Al Maghfurlah Gus Dur pernah melontarkan joke segar tentang toa Masjid, kata beliau “kami (umat Muslim) itu yang paling jauh dari Tuhan, masak memanggil Tuhan harus pakai toa segala”.
Dan sekarang delapan tahun sudah Gus Dur meninggalkan kita semua. Kini kami harus menghadapi tindakan intoleran di negeri ini tanpa Sang Guru Bangsa tercinta.
Belum usai kontroversi kasus Ahok yang “dipaksa” masuk bui, kini kasus penistaan agama kembali dialami oleh ibu Meliana, warga Tanjung Balai Sumatera Utara yang kebetulan ber etnis minoritas di negeri ini.
Kasus yang bermula dari obrolan ringan Ibu Meliana dengan pemilik warung tempat dia belanja. Kata Ibu Meliana “suara adzan sekarang kok sangat keras sekali ya”.
Lantas omongan ini begitu cepat menyebar dan begitu sampai di telinga masyarakat, keluhan dari Ibu Meliana berubah menjadi “ada orang China melarang adzan”.
Edan bukan, kalimat pertama dari Ibu Meliana dan yang diterima masyarakat sangat jauh bedanya? Walhasil, puluhan vihara dan rumah dari Ibu Meliana sendiri dibakar oleh generasi micin negeri ini.
Belum puas, sang Hakim justru memvonis Ibu Meliana 18 bulan penjara dengan dakwaan sebagai penista agama. Padahal bukti rekaman vidio percakapan terdakwa dan pemilik warung tidak ada.

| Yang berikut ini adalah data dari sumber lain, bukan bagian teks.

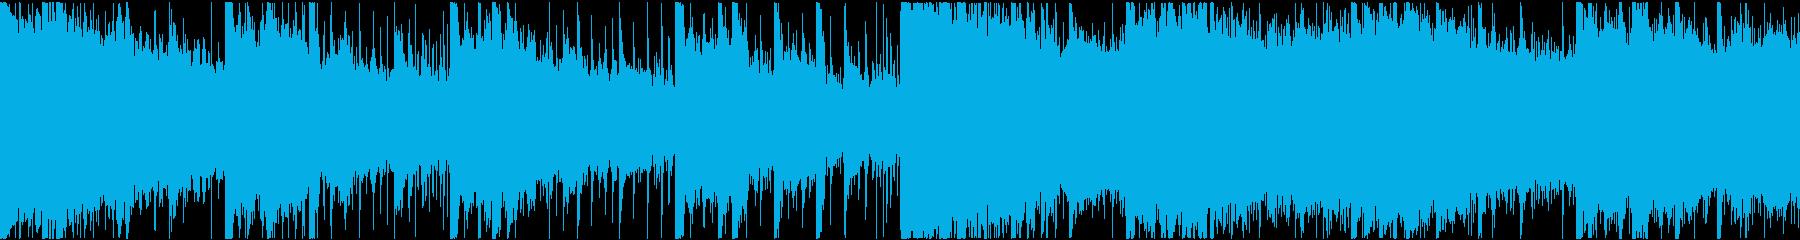 幻想的で穏やかなエレクトロR&Bショートの再生済みの波形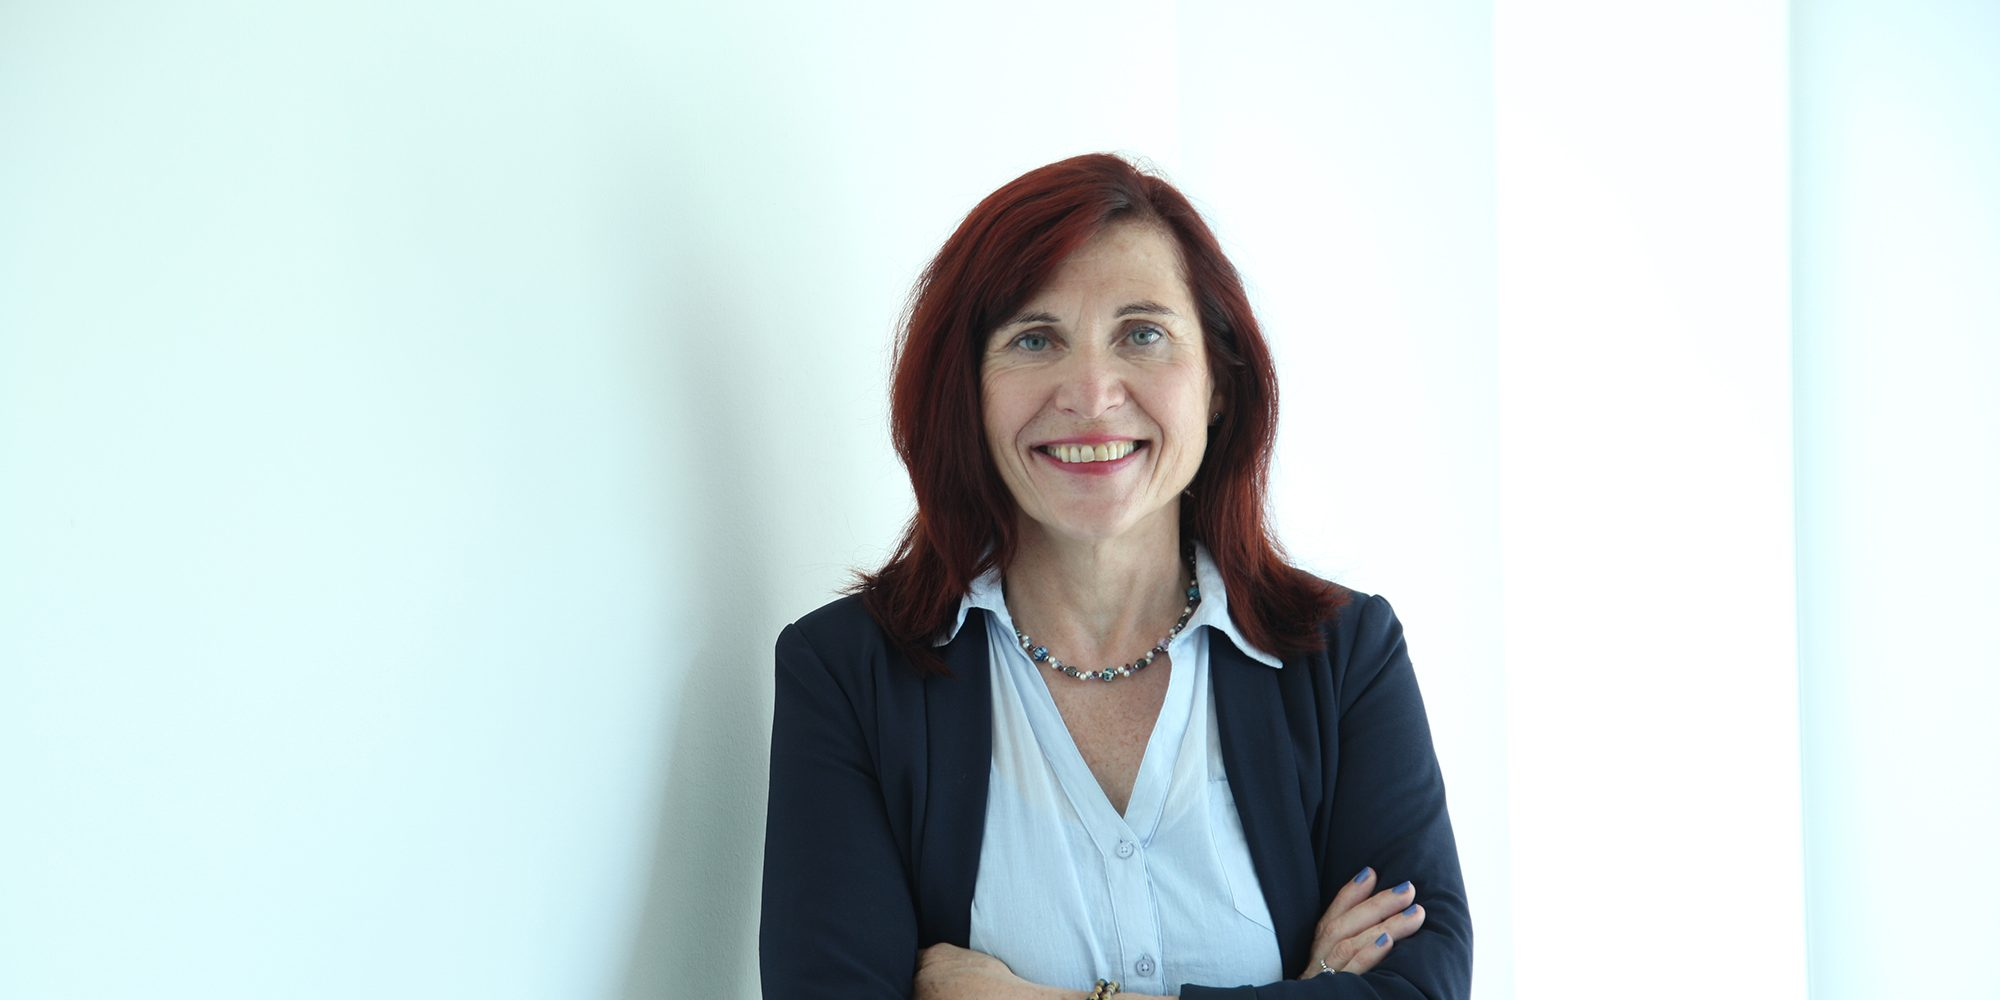 Social-Business-Women-Sigrid-Knorr-Beitragsbild3-e1501512201905

Sedangkan massa yang membakar rumah terdakwa dan puluhan vihara umat Budha justru divonis satu bulan saja. Whats Wrong dengan sang hakim? Apakah kerasukan fifis unta juga?
Memang fungsi toa Masjid telah banyak berubah pada masa sekarang. Kalau dulu cukup untuk menyerukan adzan dan pengumuman warga yang meninggal dunia.
Namun sekarang, malah ada toa Masjid yang difungsikan untuk mencari sumbangan, pengumuman yang bersifat politis dan segala perkataan yang bisa menimbulkan kontroversi.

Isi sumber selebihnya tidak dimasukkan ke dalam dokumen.